Poetry by Marjorie Maddox, reviewed by Lynn Levin
SEEING THINGS (Wildhouse Publishing)
Marjorie Maddox’s newest collection of poems Seeing Things (Wildhouse Publishing, 2025) is a stylistic tour de force that sometimes directly and often slantwise bravely engages very difficult themes: an artist daughter’s battles with mental illness, an elderly mother’s dementia, and the plague of sexual violence. It also comforts us with poems about love. A strong current of maternal and filial devotion runs through these poems. With all their painful subject matter, the poems, which come in free verse and formal verse, show us that being in the lives of those we love is the most important thing we do. I see goodness in these poems, and we need more goodness in poetry. Seeing Things is Majorie Maddox’s seventeenth collection of poems. The recipient of many literary and academic honors, Maddox is Professor Emerita of English and Creative Writing at Commonwealth University of Pennsylvania, and in addition to being a poet, she is an anthologist, short story writer, host of a poetry radio show, and children’s book author.
The spirit of Saint Dymphna, patron saint of the mentally ill and victims of incest, looks over many of these poems, especially the ones about the depression suffered by Maddox’s daughter and the poems about sexual abuse.

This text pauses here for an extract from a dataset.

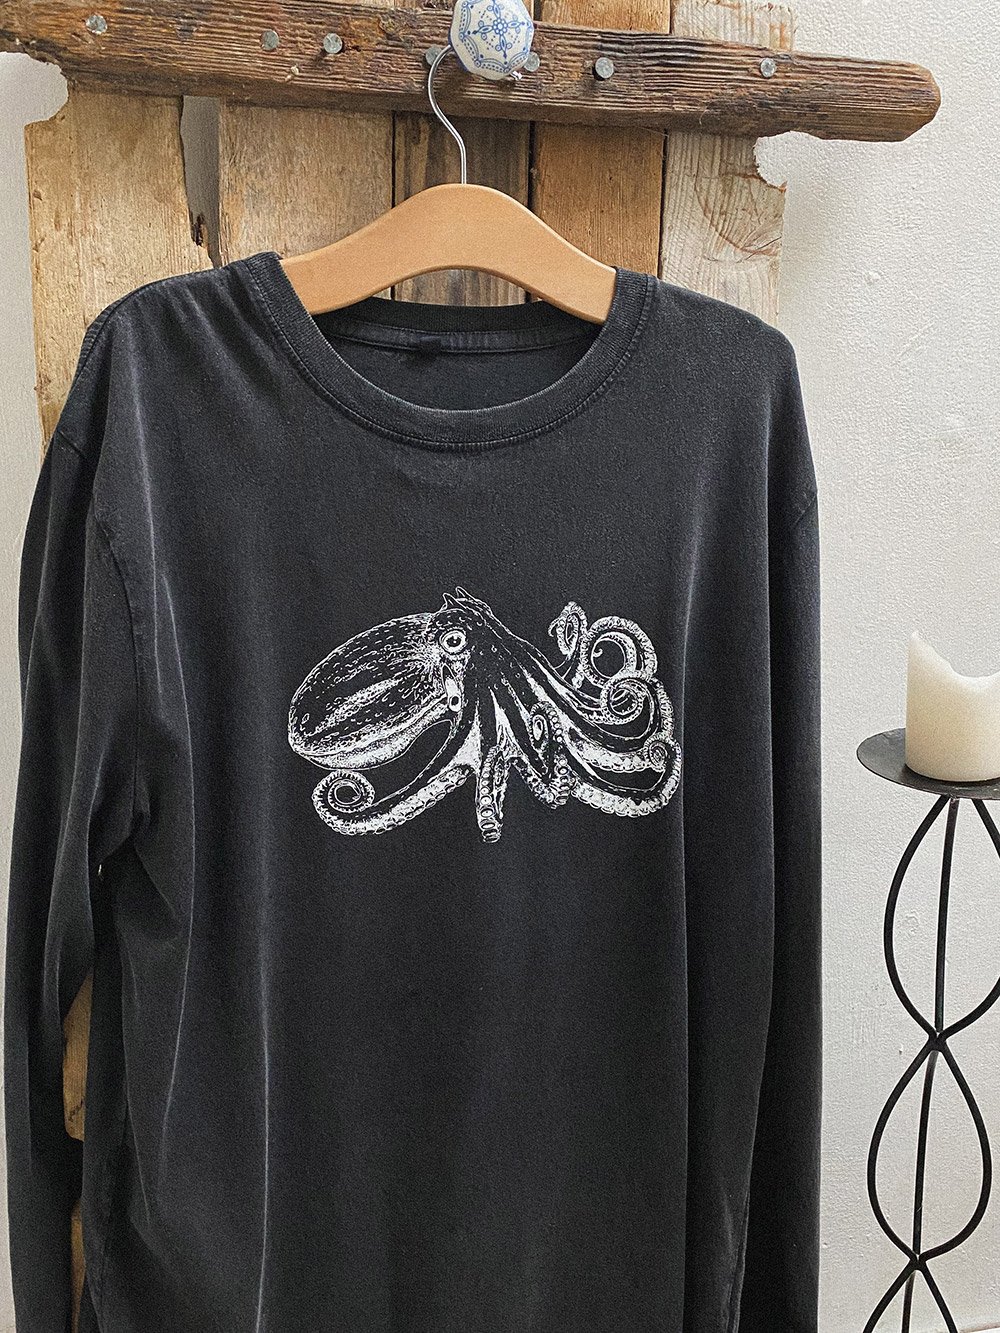 Seahorse T-shirt - Lifeforms Art

In “Seeing Things,” the title poem, Maddox pairs the imagery of light with a swift collision of slant and truncated images to illuminate the ambiguities and vagaries of a troubled mind:
Just like that the invisible shifts to visible,
reality’s bold finger of light
taps something here in the mind, dimmed
fear suddenly spotlighted, its name
elusive but its image clear-faced and whole
like the hallucinations once hidden
in my daughter’s brain, no longer hidden.
These lines that evoke the shadows and sparkings of the mind are poetically beautiful, but they also convey the combination of terror and awe that come when irrational forces take over one’s perception.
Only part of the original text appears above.